Most treatment-emergent adverse events (TEAE) were grade 3 or lower. Four patients had a grade 3 nonhematologic TEAE; 1 with nausea and 3 experienced decreased appetite. The most common nonhematologic TEAEs overall were nausea (71%), decreased appetite (64.4%), constipation (31.1%), vomiting (22.2%), diarrhea (22.2%), and pyrexia (22.2%).
Grade ≥3 hematologic TEAEs were anemia (24.4%), thrombocytopenia (17.8%), leukopenia (15.5%), and neutropenia (20%). Hematologic TEAEs of any grade included anemia in 35.6% of patients, thrombocytopenia in 33.3%, leukopenia in 33.3%, and neutropenia in 28.9%. Three patients discontinued treatment due to a TEAE (pneumonia, decreased appetite, and pneumonitis).
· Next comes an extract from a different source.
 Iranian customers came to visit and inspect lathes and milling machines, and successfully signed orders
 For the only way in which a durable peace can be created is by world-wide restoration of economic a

Other adverse events included 1 case of a grade 2 reduction in ejection fraction and 2 potential cases of interstitial lung disease that need to be confirmed by an independent adjudication committee.
The promising safety and efficacy data led to the pivotal phase II DESTINY-Gastric01 trial, in which the efficacy and safety of trastuzumab deruxtecan are being explored in patients with HER2-expressing unresectable and/or metastatic gastric cancer that has progressed despite 2 prior lines of therapy.
In August 2017, the FDA granted trastuzumab deruxtecan a breakthrough therapy designation for the treatment of patients with HER2-positive, locally advanced, or metastatic breast cancer who have been treated with trastuzumab and pertuzumab (Perjeta) and have disease progression after ado-trastuzumab emtansine (T-DM1; Kadcyla).
Iwasa S, Shitara K, Takahashi S, et al. Updated results of phase 1 study of DS-8201a in subjects with HER2-expressing gastric cancer. Presented at: 2018 Gastrointestinal Cancers Symposium; January 18-20, 2018; San Francisco, Calif. Abstract 118.